The staining can be terrible to deal with. The beard is probably from water dripping when he drinks and the feet may be because he was licking them, perhaps due to stress as you were told. I had a Bichon who eventually went blind in his old age, one eye due to an injury and the other with cataracts, and when that happened he took to licking his feet to comfort himself. They were always stained. 

Tyler has developed staining on his beard within the last several months, something that he never had, due to water dripping on it while drinking because he knocked 3 of his upper front teeth out and now cannot lick the excess water off his tongue so it just drips down all over him and the floor. I have taken to wiping his chin after every drink he takes to dry the fur and was told recently by my groomer that buttermilk will get rid of it. Using both these methods has helped, as the stains are lightening.
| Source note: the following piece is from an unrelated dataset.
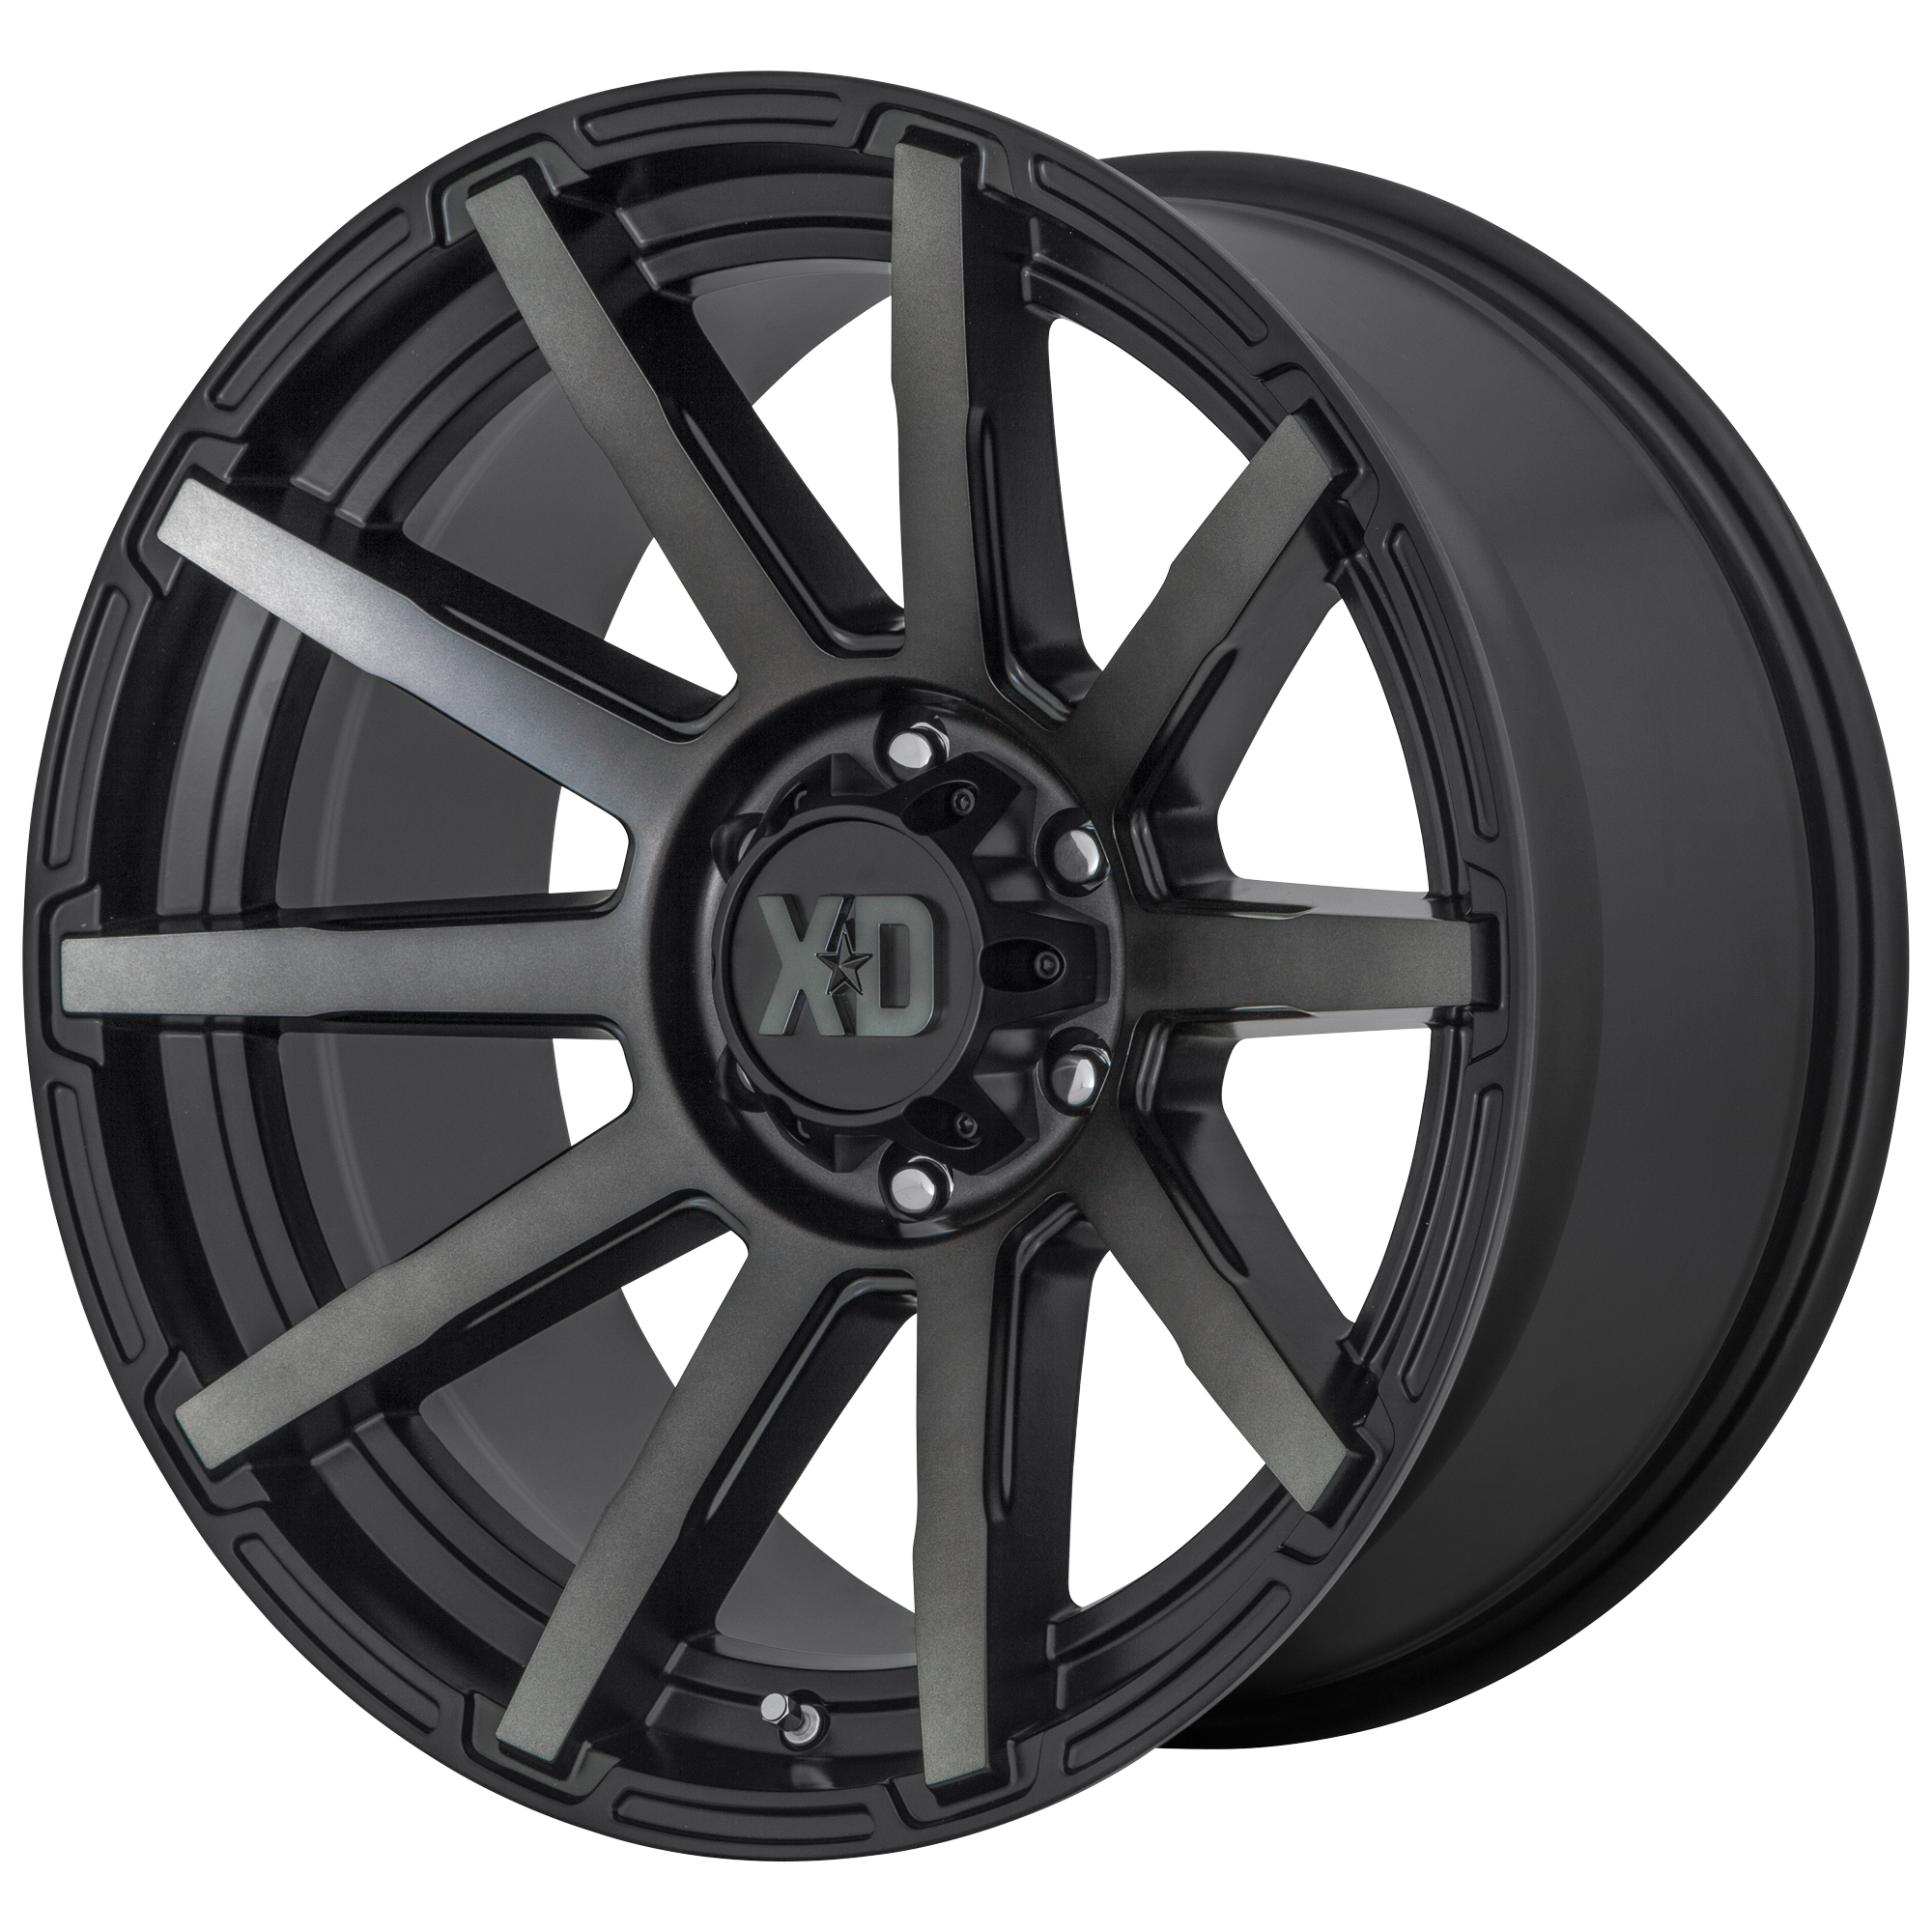 OUTBREAK 18x9 5x150.00 SATIN BLACK W/ GRAY TINT (0 mm) - Tires and Engine Performance

The buttermilk method, if you are interested, is to mix half buttermilk and half distiller water and spray it on the stain a couple of times a day. I tried the spraying, but it got all over the place so I now use a child's toothbrush and paint it on. I thought he would smell like sour milk are be sticky, but that didn't happen. Good luck and welcome to you and Reilly again.


----------



## Terri (Nov 7, 2013)

*You all are the best!!*

:hand: I really appreciate the suggestions to help my little guy. I have been using distilled water with cider vinegar added to it and it does seem to help, as his fur is beginning to grow in white now at his beard. I will try the buttermilk too, can't hurt. Thankyou all so much.


----------



## lfung5 (Jun 30, 2007)

He looks great! I'm so happy he found such a wonderful forever home!!


----------



## whimsy (Apr 3, 2010)

He is just a cute as can be and so lucky to have found you !


----------



## petepdx (Jul 29, 2011)

Don't worry about the hair colour, it just takes a while, check my album on Kit. Once she was cleared of bugs (both inside and out) she stopped licking and biting herself and the hair started changing back to whitish. It is my understanding it is from their saliva and ph levels. As her hair started to grow out, its normal colour came through, she has a few light brown areas that seem to change darkness with the seasons. Same with around the mouth. Your Vet should know and is good to have her digestive system checked out.


----------



## Chere (May 22, 2009)

One of my rescues, Jesse James, is grey and white; mostly white. He gets the beard stains also, they seem to come from eating and drinking and I just don't let them bother me. Your dog is lovely and I hope you have many happy years with him.


----------



## Ollie"s Mom (May 23, 2014)

He is adorable. Lucky boy.


----------